暁天、柴桑城の大堂には早くも文武の諸将が整列し、孫権(そんけん)の出座を迎えていた。やがて周瑜(しゅうゆ)の到着が告げられる。

孫権は威儀を正して登階を待ち構えていたが、このとき侍立する文武官の顔ぶれを見れば、左列には張昭(ちょうしょう)・顧雍(こよう)・張紘(ちょうこう)・歩隲(ほしつ。歩騭)・諸葛瑾(しょかつきん)・虞翻(ぐほん)・陳武(ちんぶ)・丁奉(ていほう)などの文官。

ここに名が挙げられていたうち、「陳武」と「丁奉」については文官ではなく武官だと思うが……。ちなみに『三国志演義(3)』(井波律子〈いなみ・りつこ〉訳 ちくま文庫)(第44回)では「左側には張昭・顧雍ら文官が30人余り…」という記述にとどめていた。

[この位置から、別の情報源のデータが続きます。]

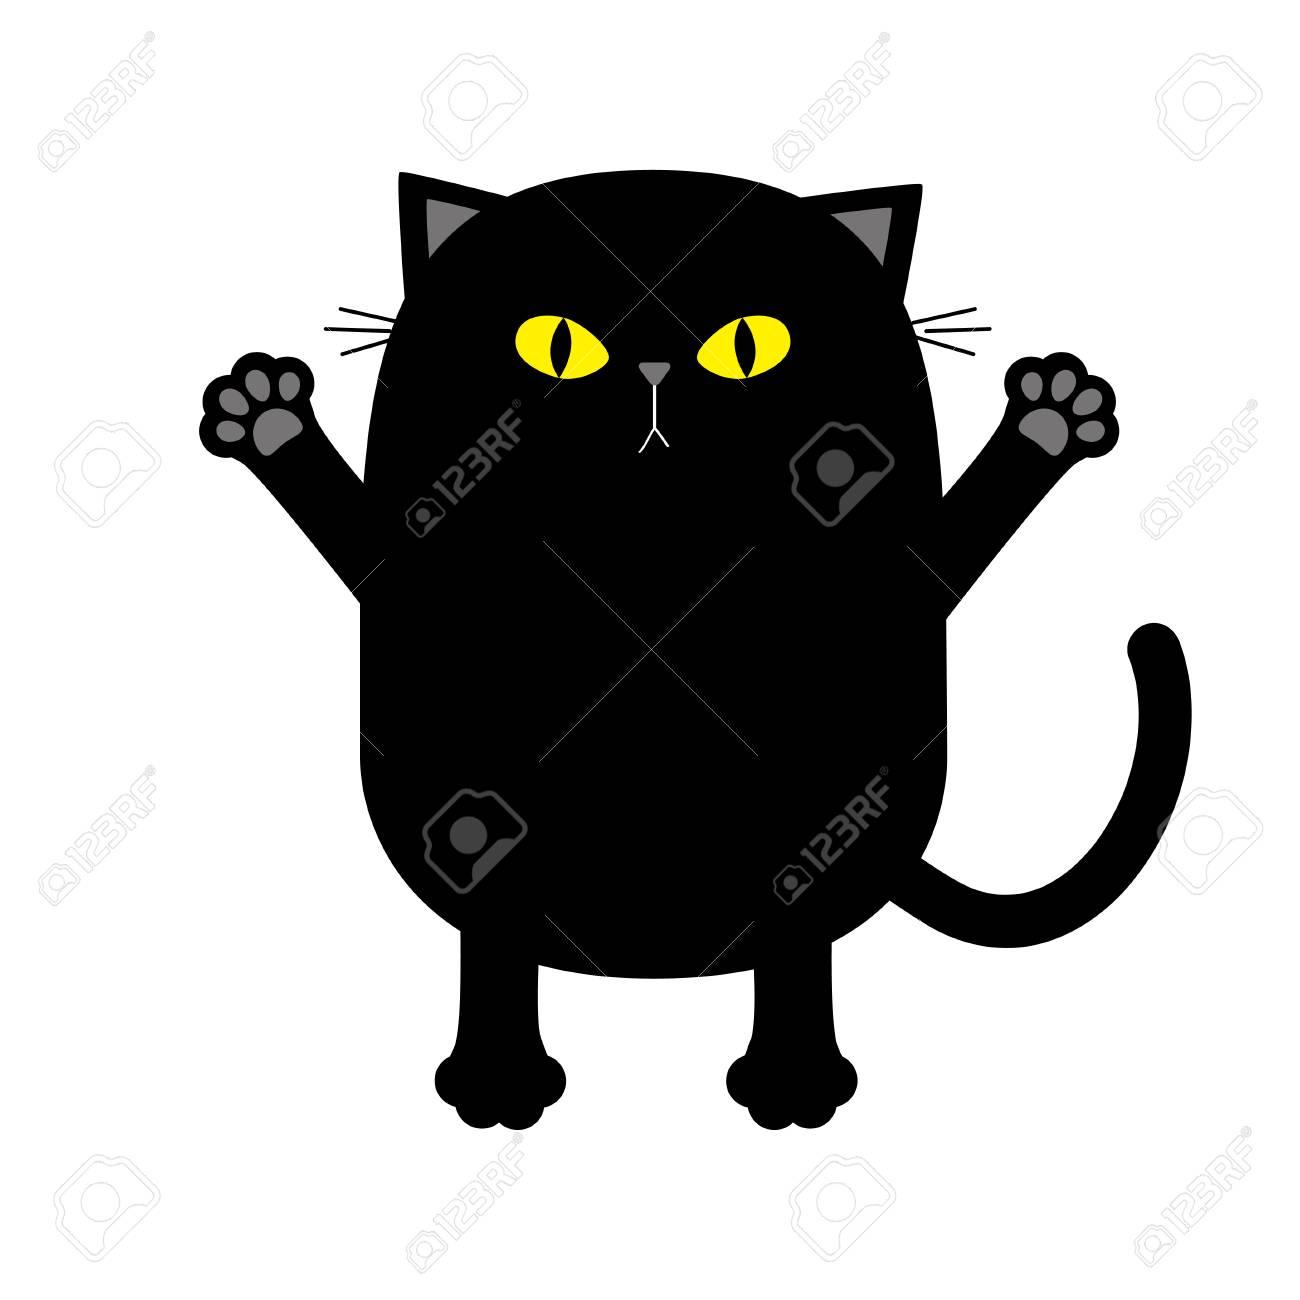 Les Yeux Jaunes De Chat Noir Pret Pour Un Etreindre Patte De Main

そして、右列には程普(ていふ)・黄蓋(こうがい)・韓当(かんとう)・周泰(しゅうたい)・蔣欽(しょうきん)・呂蒙(りょもう)・潘璋(はんしょう)・陸遜(りくそん)などを始めとし、すべての武官36将が衣冠剣佩(けんぱい)を整え周瑜の姿を待っていた。

同じく井波『三国志演義(3)』(第44回)では、「右側には程普・黄蓋ら武官が30人余り居並ぶ」という記述になっていた。

孫権は口を開くなり直問し、忌憚(きたん)なく腹中を述べよと言う。周瑜が、ご返答の前にこれまでの諸将の意見を教えてほしいと言うと、孫権は張昭以下、その列の者たちが降伏を勧めていると伝えた。

すると周瑜は、張昭から降伏を主張する理由を聞き、いちいち否定してみせる。こうして和平派の文官たちの口をまったく封じたうえで自己の主張を述べ始めた。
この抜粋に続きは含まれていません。